Three different scoring models are implemented:
- CountSegmentsAndTokens: document score is assigned as the number of relevant segments (contiguous sequences of relevant tokens).
- If two documents have the same number of segments, the one with more relevant tokens is ranked higher.
- Note that this scorer converts relevance scores to binary Relevant/Not relevant labels, using the configurable binarization threshold.
- SumTokenScores: document score is the sum of token-level relevance scores (not binarized).
- DensityScorer: document score is the sum of token-level relevance scores, normalized by document length.
The document viewing interface displays token-level relevance information from the current annotation set.
If another annotation set contains a document of the same name, that annotation set can be selected from the drop-down at the top of the interface to compare outputs.
All tokens in the document are displayed, with the following markup:
- If a token is relevant according to the current binarization threshold, it is highlighted in yellow.
- If the data are labeled and the token is marked as Relevant in gold labels, it is shown in bold red font.
Any token can be clicked on to display the relevance score assigned to it.
This panel allows configuration of the visualization settings:
- Binarization threshold for converting continuous relevance scores to Relevant/Not relevant labels
- Number of blanks (not relevant tokens) allowed between relevant tokens when identifying relevant segments
- Checkbox for Viterbi smoothing correction of token-level relevance scores
Summary statistics of model predictions on this specific document.
- Number of segments marked as relevant by the model
- Number of segments marked as relevant by gold labels (if available)
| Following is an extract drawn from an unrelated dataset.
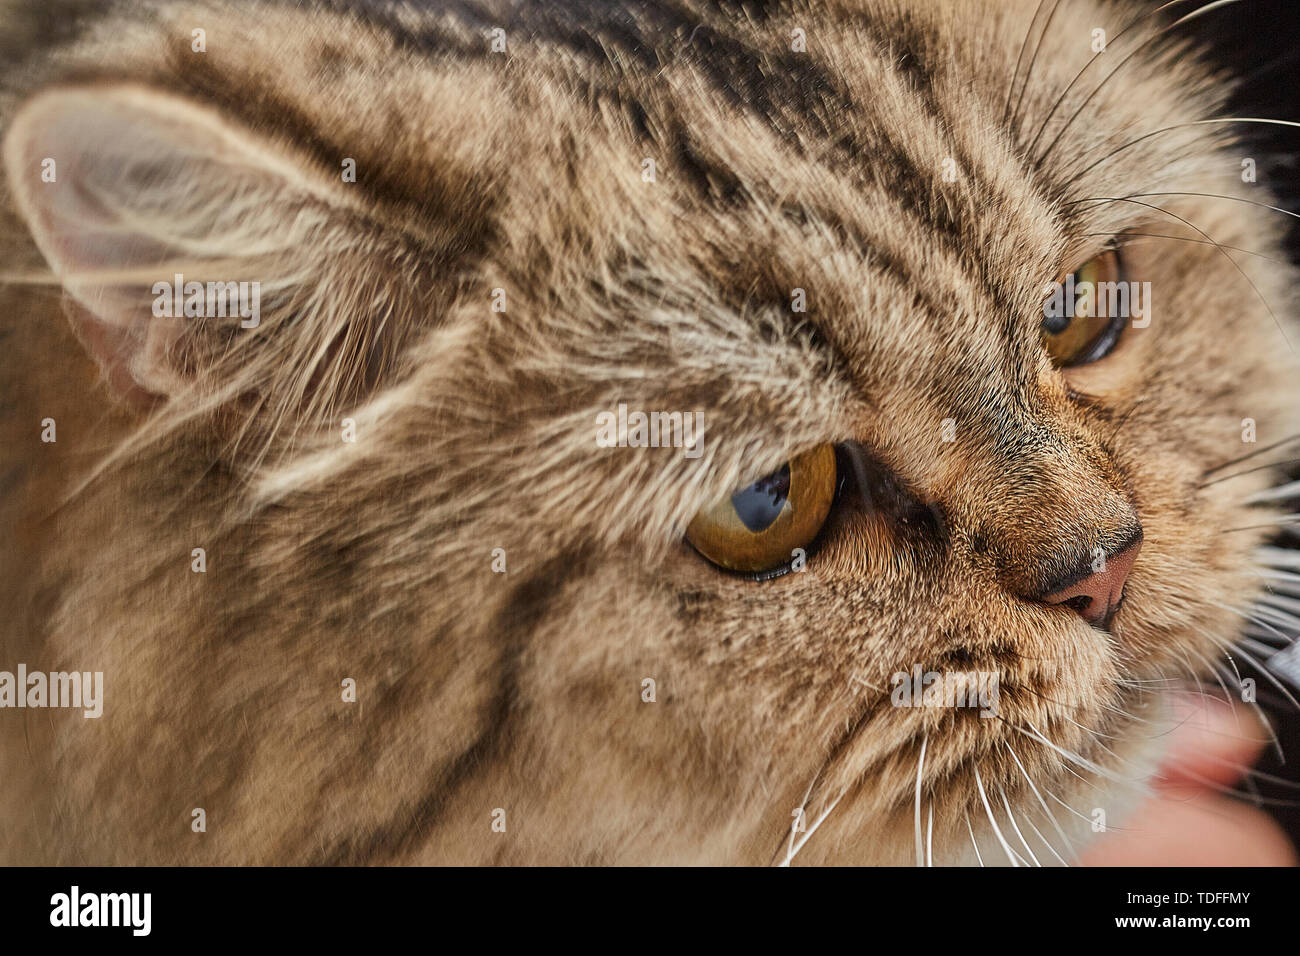 Cute Siberian senli cat Stock Photo

- Number of tokens marked relevant by the model
- Number of tokens relevant according to gold labels (if available)
- Accuracy of binarized token-level predictions (if labeled)
- Precision of binarized token-level predictions (if labeled)
- Recall of binarized token-level predictions (if labeled)
- F-1 and F-2 of binarized token-level predictions (if labeled)
Histogram showing distribution of token-level relevance scores produced by the model for this document.
Line plots showing how precision, recall, and F-measure vary over all possible binarization thresholds for this document.
Visualization includes the threshold yielding highest F-measure.
This interface displays a few different qualitative analyses of model outcomes within an annotation set.
Table displaying mean relevance scores per token type in the annotation set.
- If data are labeled, model lexicalization is compared to lexicalization measured from gold labels, and rank correlation coefficient is given at the head of the table
- Ranking is displayed using model relevance and gold labels (if available)
- Lexicalization is only measured for types above a minimum frequency in the annotation set; this threshold is configurable.
Histogram showing distribution of token-level relevance scores produced by the model for the full annotation set.
Line plots showing how precision, recall, and F-measure vary over all possible binarization thresholds for the full annotation set.
Displays evaluation metrics calculated for the full annotation set, at the token level.
Displays summary statistics of patterns in relevant segments predicted by model outputs.
Displays summary statistics of patterns in relevant segments according to gold labels.
All source code, documentation, and data contained in this package are distributed under the terms in the LICENSE file (modified BSD).